Condiments such as garlic and ginger that can be added to the dish to enhance the taste. If you buy a lot and store it in a freezer, you can use it as soon as you want and it is convenient.
In this article, we have picked up "Garlic freezing method ", " Ginger freezing method ", and " Aojiso freezing method " from the articles on the freezing method introduced in the past. Please use it as a reference for the condiment stock method.
Freezing garlic
Garlic that is hard to use when you buy a ball. It can be separated one by one and stored frozen with the skin on.
When using it for cooking, it can be left frozen. Since it does not become ticky, you can cut off the root, peel it, and then cut or grate it with a kitchen knife. It is also recommended to soak the sliced frozen garlic in soy sauce to make "garlic soy sauce".
Freezing ginger
Tubed ginger is also useful, but frozen ginger is the best choice in terms of flavor. Cut into slices, julienne, chopped, grated, etc. to your liking, then put in a freezer bag and freeze.
When cooking, you can put it in a pot or rice cooker while it is frozen. The grated product can be cracked and taken out as much as needed.
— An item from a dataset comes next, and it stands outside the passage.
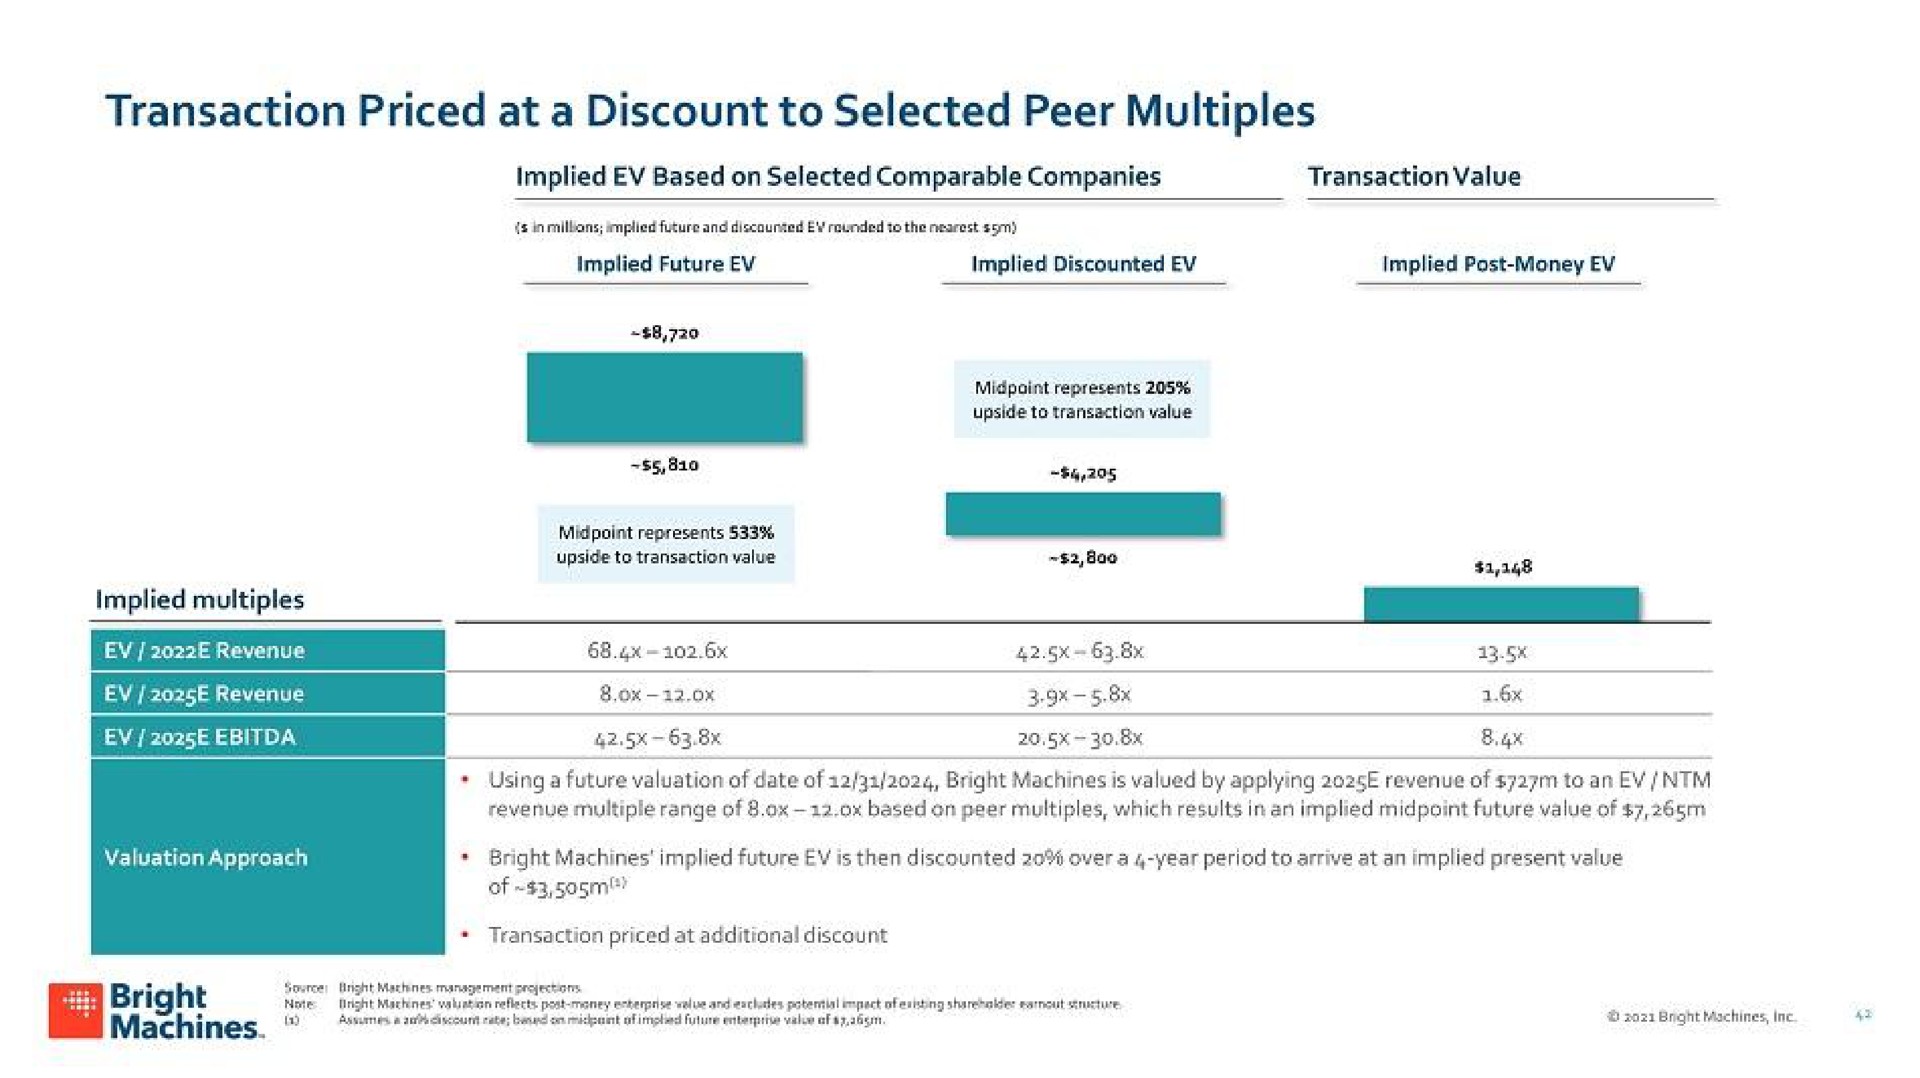 transaction priced at a discount to selected peer multiples | Bright Machines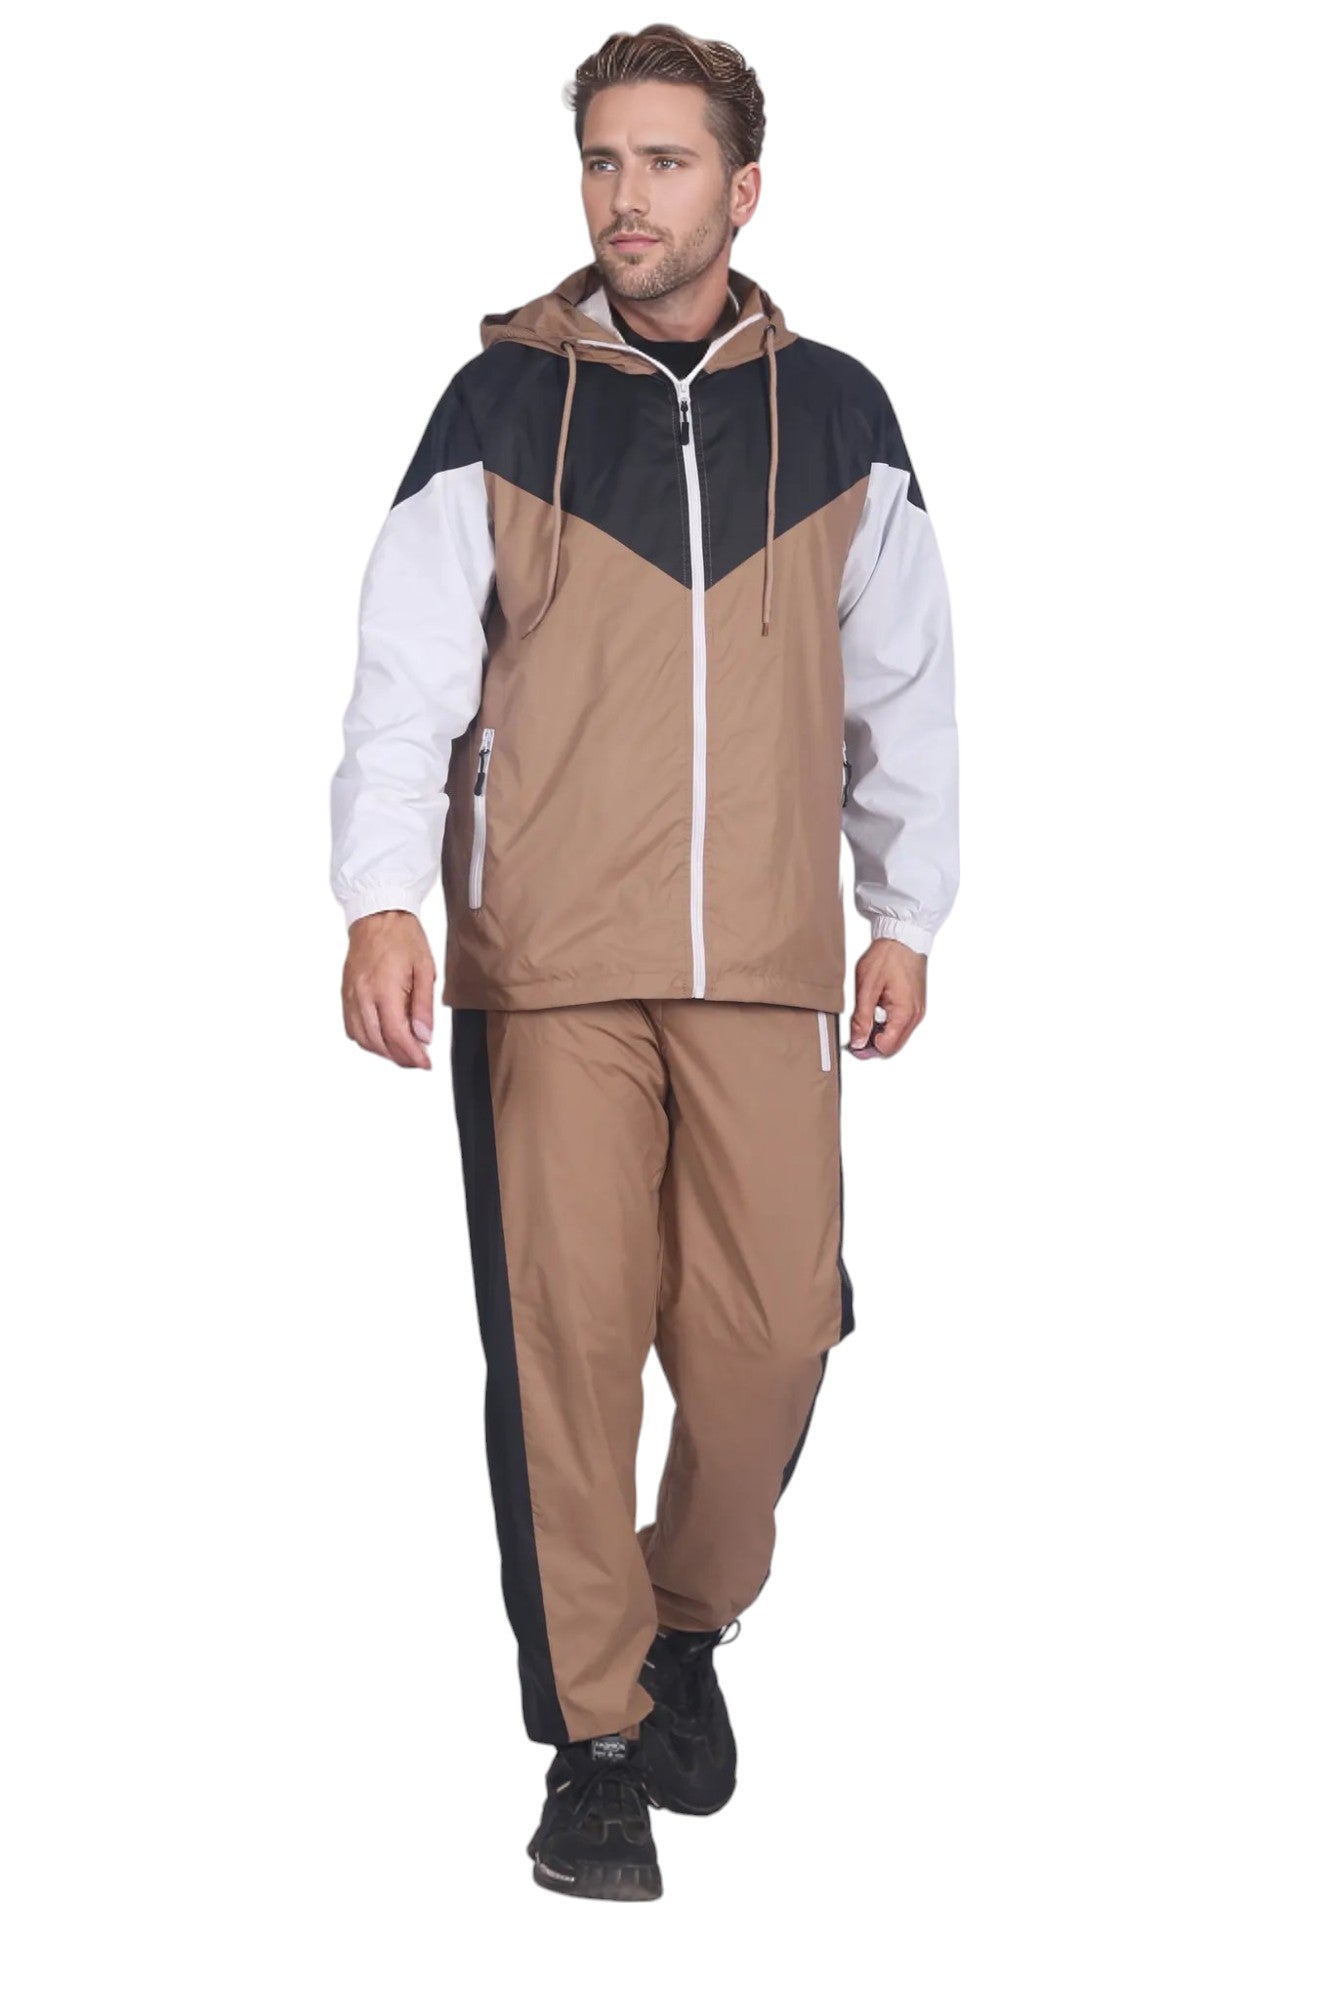 Men’s Colorful Hooded Windbreaker Sweatsuit Meshed Lined Nylon Water Repellent GYM Outfit

Frozen storage of green perilla
Aojiso (Ooba) with its unique freshness. If you want to store it in a freezer, wrap it in plastic wrap, put it in a freezer bag, and move it to the freezer.
No need to decompress when using. You can immediately carve it with a kitchen knife. Frozen green perilla has the weakness that it easily loses its shape when cut and its color changes easily. It is a preservation method that should be avoided when you want to value the vivid color and freshness.
If you keep it in the freezer, you can combine the taste of the food with condiments. For details on how to save, please refer to the introductory article from the link in the text.